It is a certain kind of person who is preoccupied with cognitive bias.
It is a kind of person who seems to have a taste for explicit, formal procedures. It is a kind of person who seems to operate via verbal self-instruction. It is a kind of person who always asks for very detailed clarifications on how things ought to be done, and needs every contingency to be planned out. It is the kind of person who shows up to a new job expecting documentation on how everything ought to be done. This kind of person’s eyes light up when “cognitive bias” is mentioned. (Or “motivated reasoning” or “implicit bias” or “institutional racism”, etc. They are all variations on false consciousness claims. They are always pointed outward at objects of critique, and never back at the ideological subject making them.)
To such people, safeguards against bias are no burden, or maybe even a support. It seems that if formalized anti-bias practices were not available, they would seek some other formalized practice. The question for them is whether the explicit practice we adopt and use has anti-bias features or not.
But some people have a very different relationship to practice. They rely more on intuition, and only occasionally verbally work some problem or another out. Much of what they know is tacit know-how, and muck of their understanding comes to be known only response to concrete situations. If, before engaging a problem, you ask them what they plan to do, they struggle to verbalize it, because, unlike the self-instructors, they don’t code their actions in words before executing them. If you ask them after the fact why they did one action rather than another, they will have to ask themselves the same question.

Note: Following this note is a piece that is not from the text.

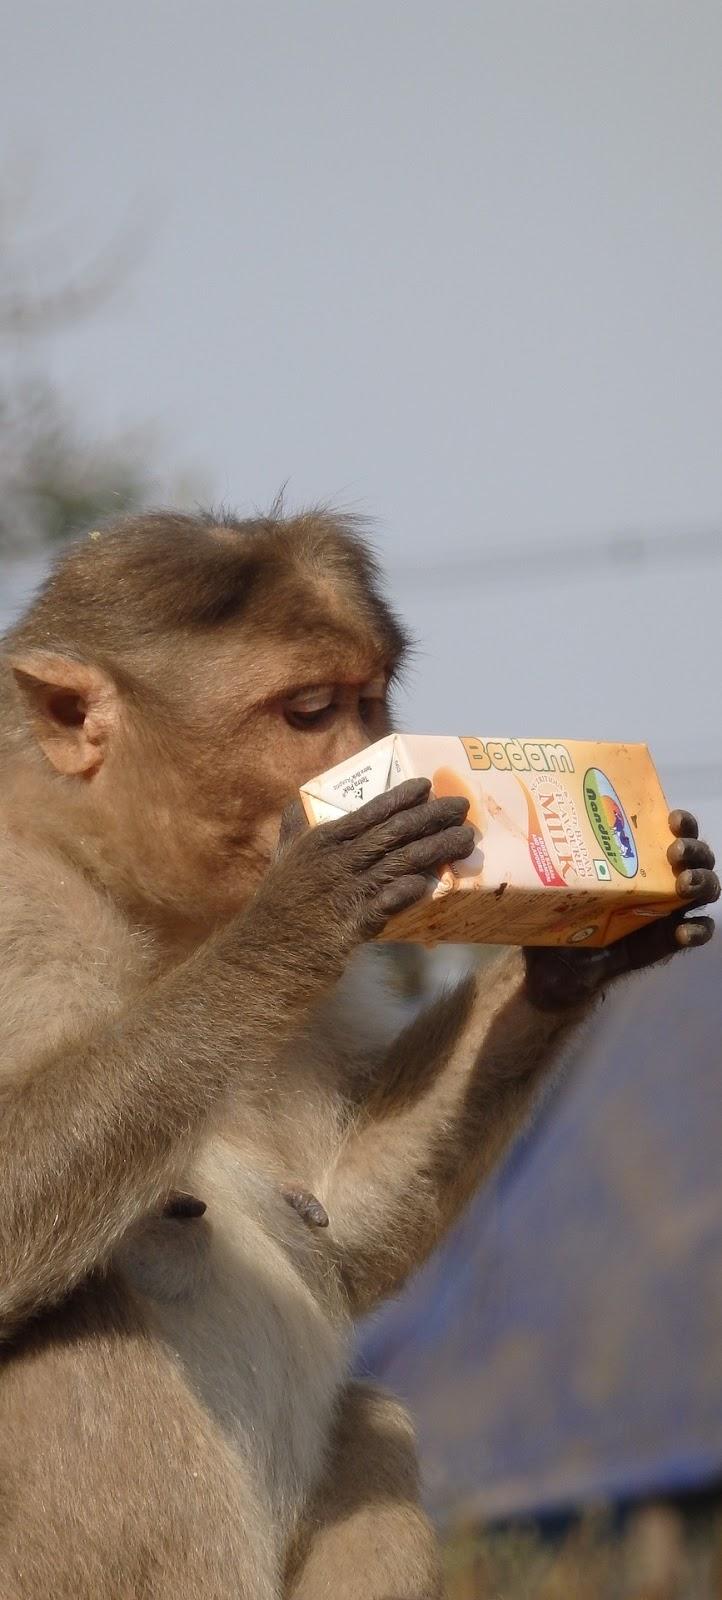 A monkey's taste of modernity.

Yet, these intuitive practitioners are often highly effective at their craft and in solving problems, especially novel problems. Further, they are often pioneers in their fields, and in fact were behind the codification of the very practices executed by the self-instructors.
An intuitive practitioner, after successfully solving a problem, reflects on what they were doing, and tries to explicate principles that intuitively guided them. They move back and forth between practical intuitive interaction with their materials and theoretical formulations of the practice. They tack back and forth between explication of implicit purpose in their own practice, and seeing how well those explications work in guiding practice. Gradually, praxis develops.
But the best practitioners still act intuitively in the moment. If asked why they do what they do, they’ll provide an explanation that conforms closely to their intuitive responses, but this account should not be confused with the explanations given by the verbal self-instructors, which is exposing the code they run when executing an action.
But verbal self-instructor do have one huge advantage over intuitive practitioners. If intuitive practitioners are loaded with self-instructing code and told to execute that code, they lose all grace. They become awkward robots, even more artificial than the self-instructors.
In a world where all people are required to verbalize everything, where intuition and tacit know-how are denied the status of knowing, where one is only regarded as an expert when they can list their source-code on demand, where people are given instructions to execute and templates to format their output, the verbal self-instructors reign supreme.
This is, I believe, why verbal self-instructor’s instinctively love the requirement to neutralize bias. It is why they love bureaucratic rigor. It is why they want everything proceduralized. They can adopt these anti-bias and standardized practices without any impediment, but it encumbers intuitive and reflective practitioners and destroys their ability to — let’s just say it outright — to compete against them.
It tilts the playing field against intuitive and reflective practitioners, so the self-instructors can flourish and dominate.
In the past, I’ve complained about anti-bias meta-bias — the bias in what we regard as biased, versus the biases we neglect to notice at all, versus the biases we regard as virtuous, that is our ethical convictions. But there is also a deeper and worse bias prevalent among the verbal and intuitively-challenged — a procedural, rather than substantive bias — to see intuitive judgment, action and unsupervised perception as inherently more vulnerable to bias than formally codified policies and processes. So the starkest prejudices at all, both substantive and procedural, are coded into institutions, to counter what appear to be biases to the highly-biased minds who implement, support and champion them.